This is logical on its face but ends up running contrary to how other game systems work in practice and is, in effect, double dipping on simulating time delay because time was already spent by the player to perform the command. I believe any situation where there is more than 10 seconds of delay from a command being issued by a player, and something happening in-game, will result in players avoiding those systems or feeling the game is not functioning properly; and the delays created by this mechanism can easily stretch into a minute or longer.
For comparison: When a character performs a long pose, there is two elements to the 'time' it occupies. The time to perform the mechanical typing of the command by the player, and the virtual time assumed to have elapsed over the course of the pose which can be assumed to have run concurrently with other events occurring in the room around the same time.
However with robot poses, there appears to be three elements involved: The time it takes for a player to type a pose, the artificial simulation of the time it takes for a character to enter that same command, and then finally the virtual time that is assumed to have elapsed while the pose then occurs.

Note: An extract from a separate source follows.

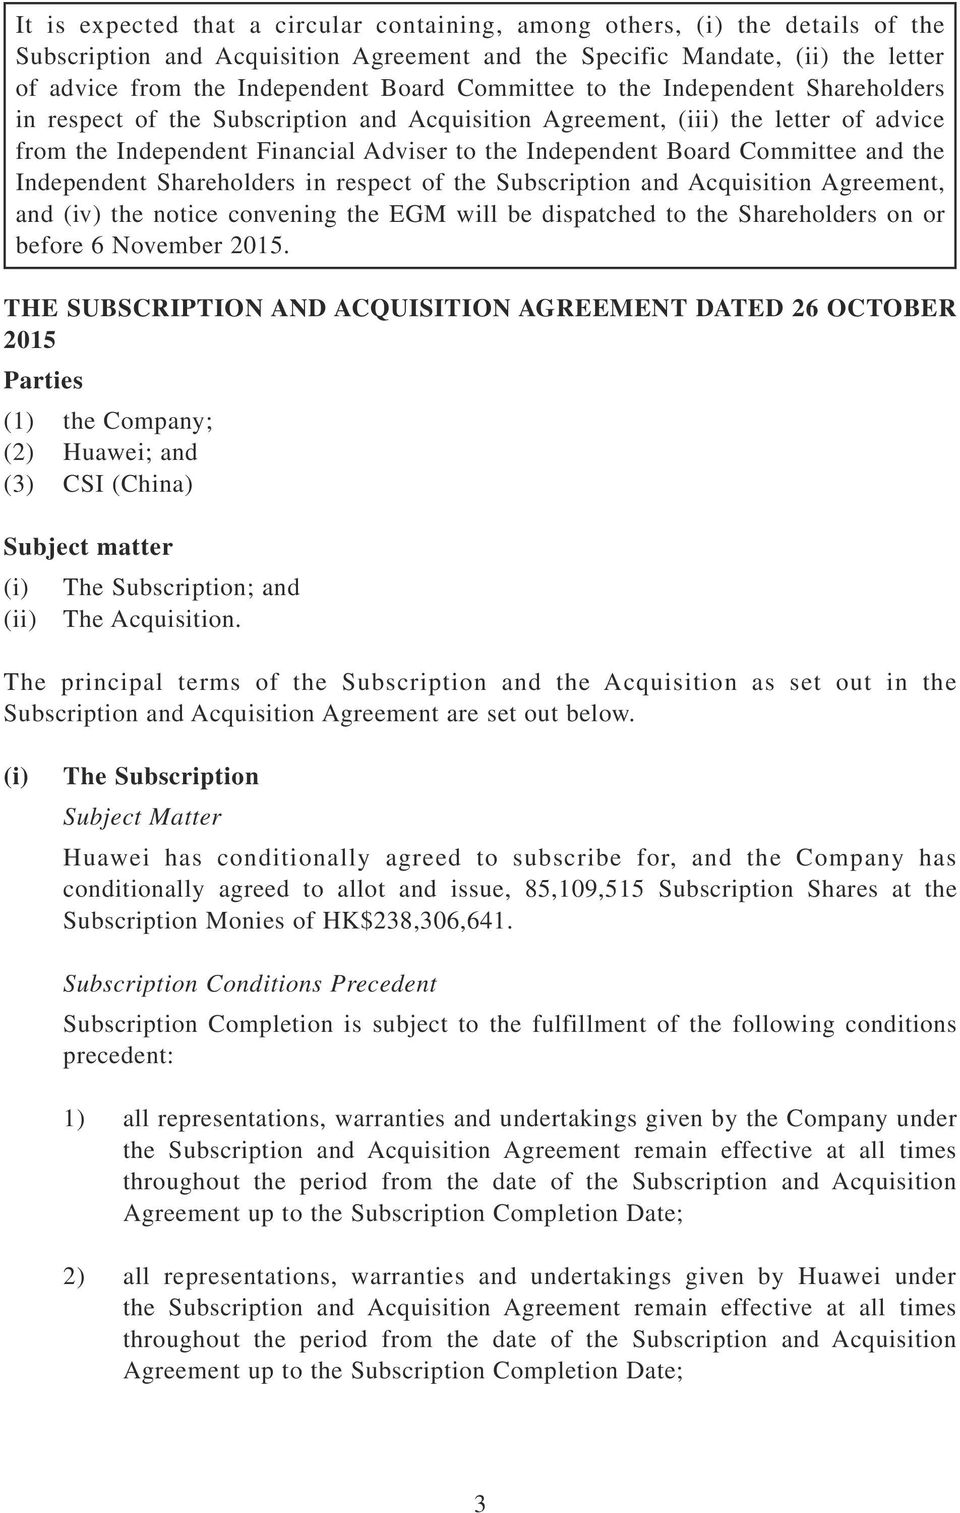 Committee and the Independent Shareholders in respect of the Subscription and Acquisition Agreement, and (iv) the notice convening the EGM will be dispatched to the Shareholders on or before 6

Because the virtual time is zero in real terms, and because poses are effectively the only common long command, that means that (as compared to a character posing) the 'roleplaying speed' of a robot is penalized twice and ends up being incredibly slow and quickly falling out of sync with other characters.
While it makes a lot of sense to have a skill/stat element to robot control, I feel like this per word/character artificial entry delay is unfun in practice, and shouldn't be extending into a minute plus or longer, especially because it only really ends up penalizing roleplay which is the only real avenue for players starting out using these systems.
Instead of a delay per character issued, something like a flat maximum delay of 10 seconds at the lowest possible skill threshold, and zero delay at the highest, would end up being far more usable and fun, and would also avoid creating the impression of poor game performance or non-functional mechanics.